The signs are pointing to a farewell at Bentley. Fans of engines with a multitude of pistons and wild arrangement concepts must now be very strong. After 105,000 units and two decades, the 6.0-litre twin-turbo W12 is retiring this summer.

The massive power unit will be replaced by a V8 hybrid with more than 750 PS. 91 more than the W12 last spat out in the Flying Spur, for example. According to Bentley, this is the highest output ever offered in its vehicles. This powertrain is set to "define the future of Bentley" from the summer.

Gallery: Bentley Ultra Performance Hybrid V8 (2024)

What has been achieving unprecedented levels of efficiency for combustion engines in Formula 1 for a decade and is being further tested in the WEC hypercar series is increasingly finding its way into the world's road-legal high-performance sleds, such as the Lamborghini Huracán successor or the Mercedes-AMG GT 63 S E Performance

Bentley promises nothing less than the "most dynamic, responsive and efficient system in history" from this step. Presumably the kind of self-assurance that must be exuded when handling such "everyday super sports cars" on a daily basis.
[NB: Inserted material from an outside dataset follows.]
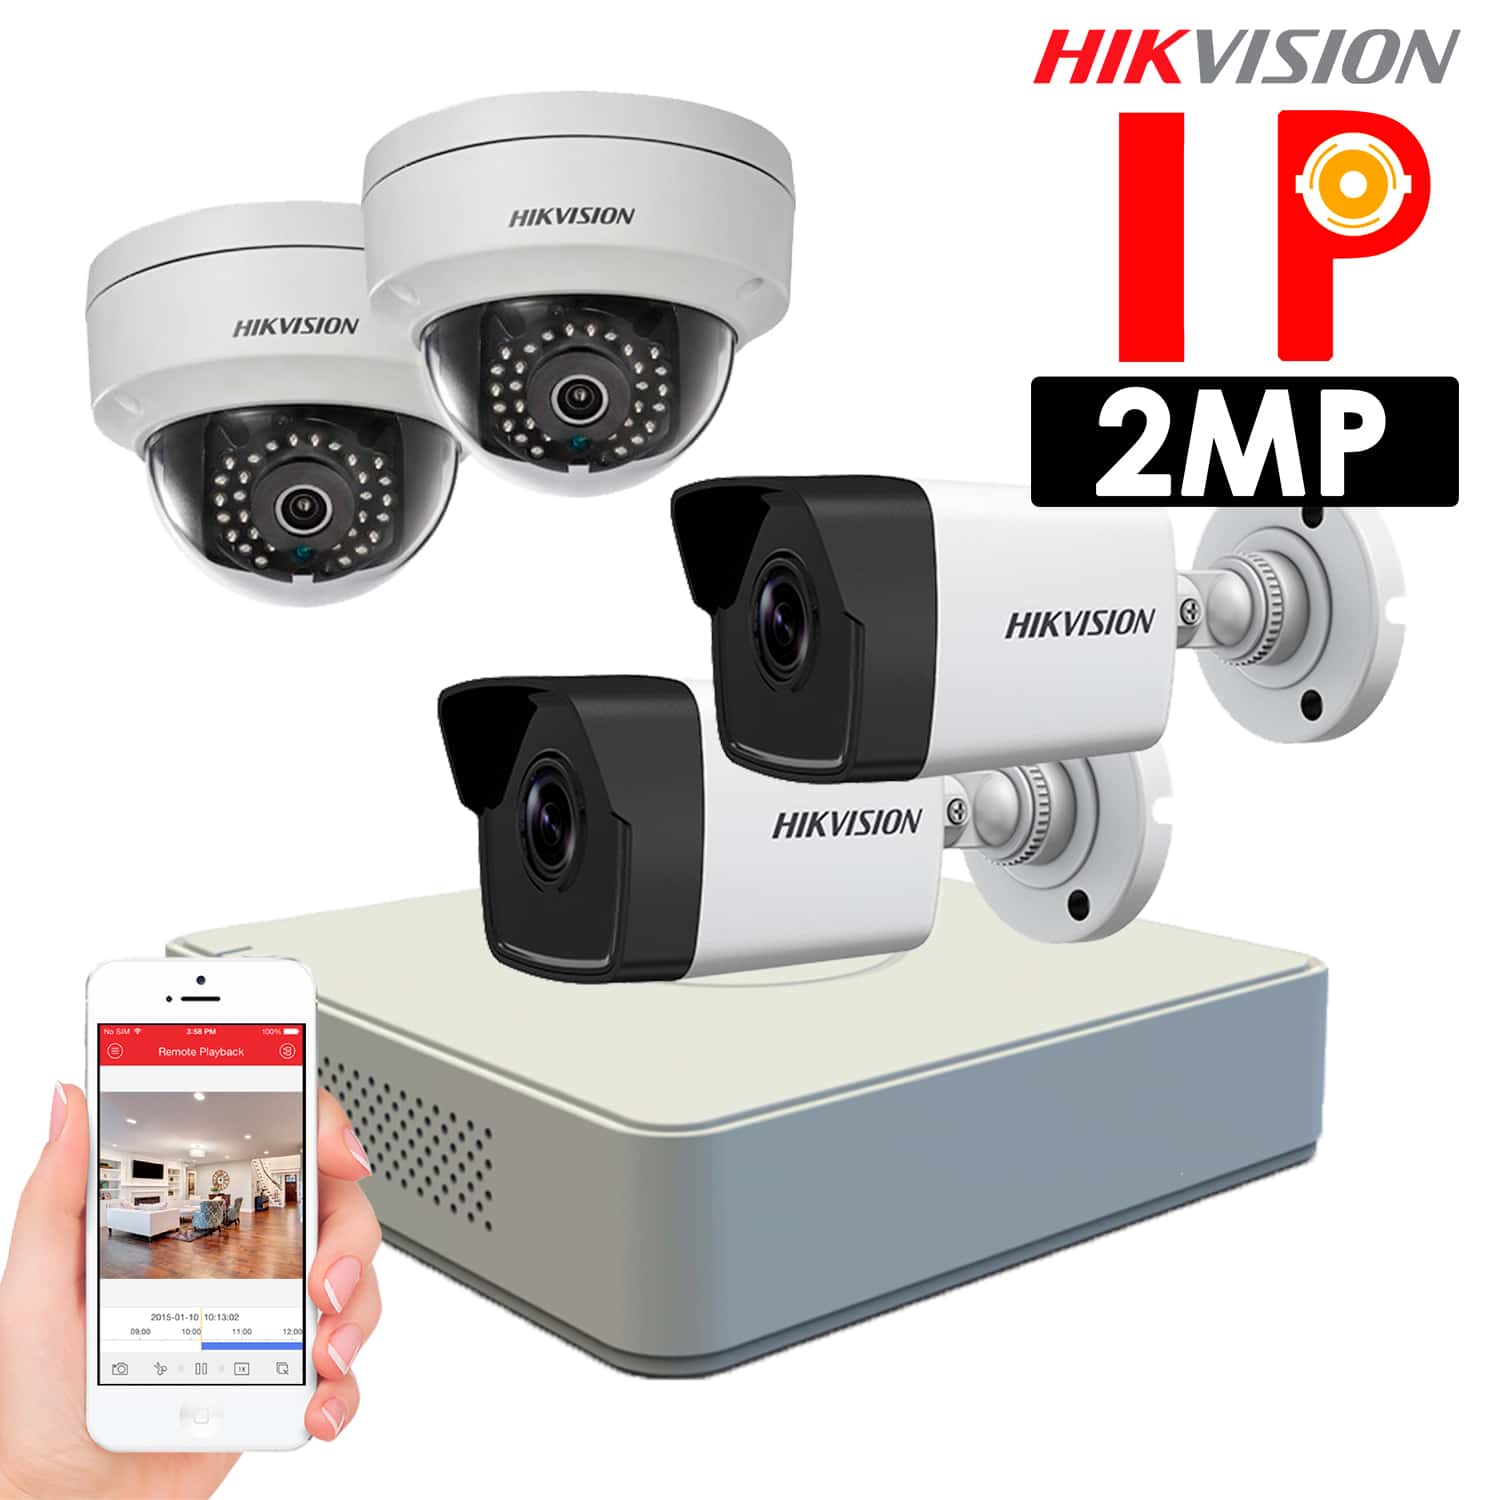 Completamente seco Multitud nombre KIT Cámaras de seguridad IP Hikvision – KIT 4 cámaras IP 2Mp – Tubo y Domo  – HKIPC-042 – Sistemas de Seguridad en Lima Perú – ALFASEGUR
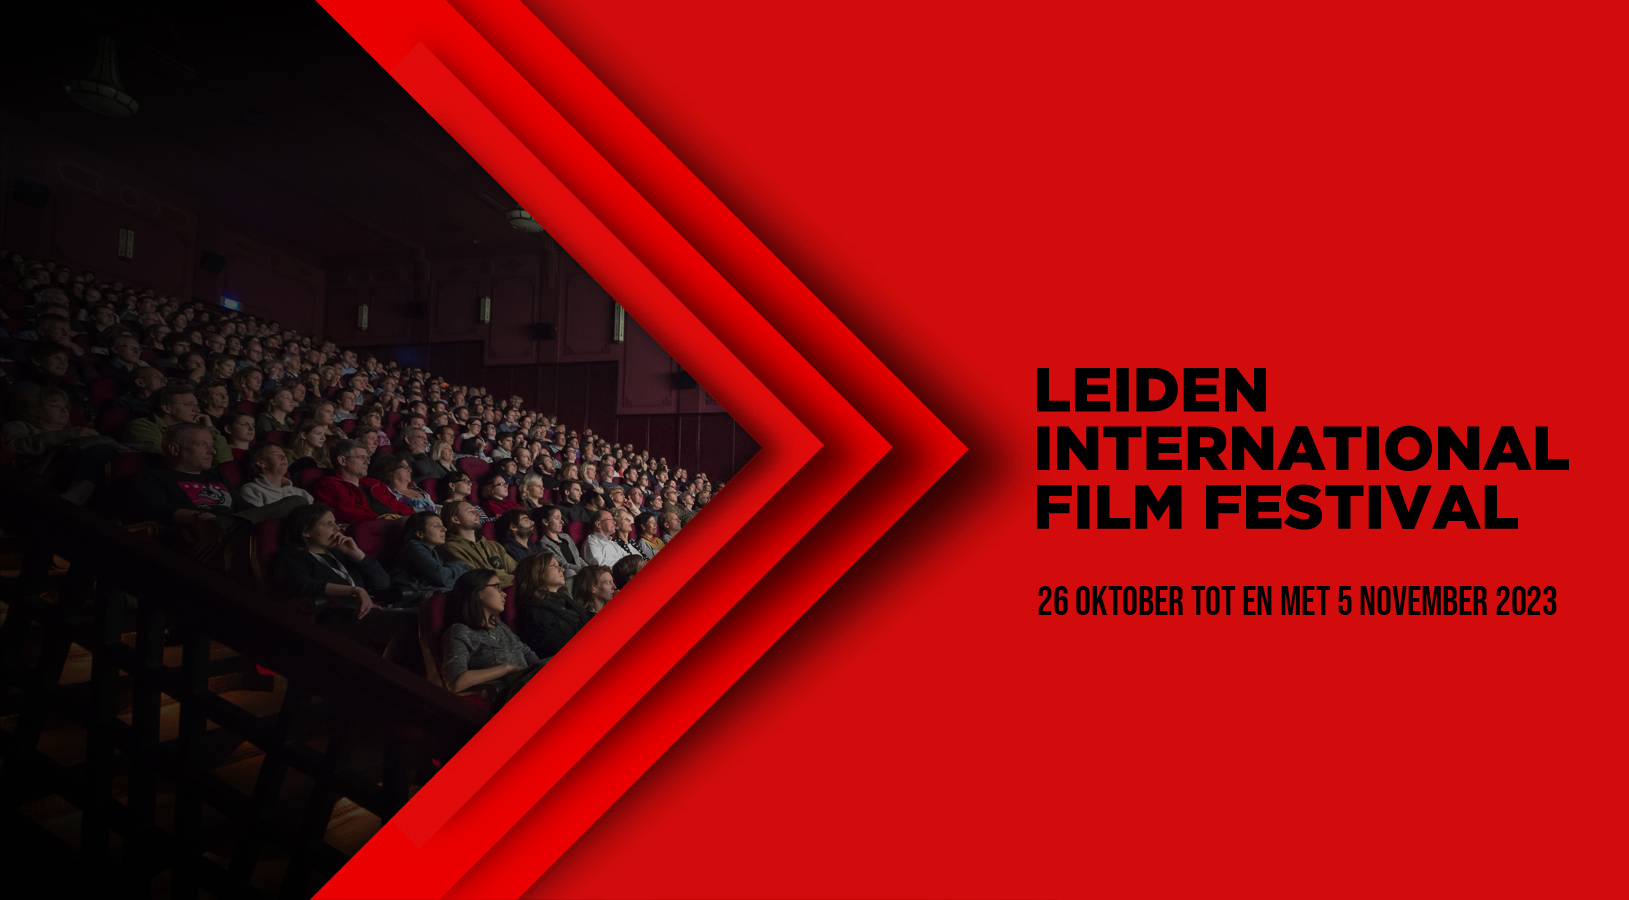 Leiden film festival

The new system will build on Bentley's existing hybrid powertrains, but raise the bar even higher in terms of performance and efficiency. The purely electric range is specified as 50 miles. Four-digit torque across a broader plateau should raise the eyebrows of potential buyers. Bentley also has a figure ready for the green crowd, as the CO2 value should reach less than 50 g/km with the new unit according to the WLTP driving cycle.

The only question that remains is how often the average Bentley driver will be travelling purely electrically, apart from the journey from the garage to the villa gate. With the overall performance of the "Ultra Performance Hybrid", as Bentley calls it, the electric motor also actively supports the V8 in order to achieve the overall performance mentioned. 

Bentley intends to reveal further details about the electrified powertrain in the coming weeks. Anyone who cannot yet call a W12 their own should scrape together their loose change soon. The British are referring to the remaining examples of the W12 and V8 engines without hybrid drive that are currently still available for purchase.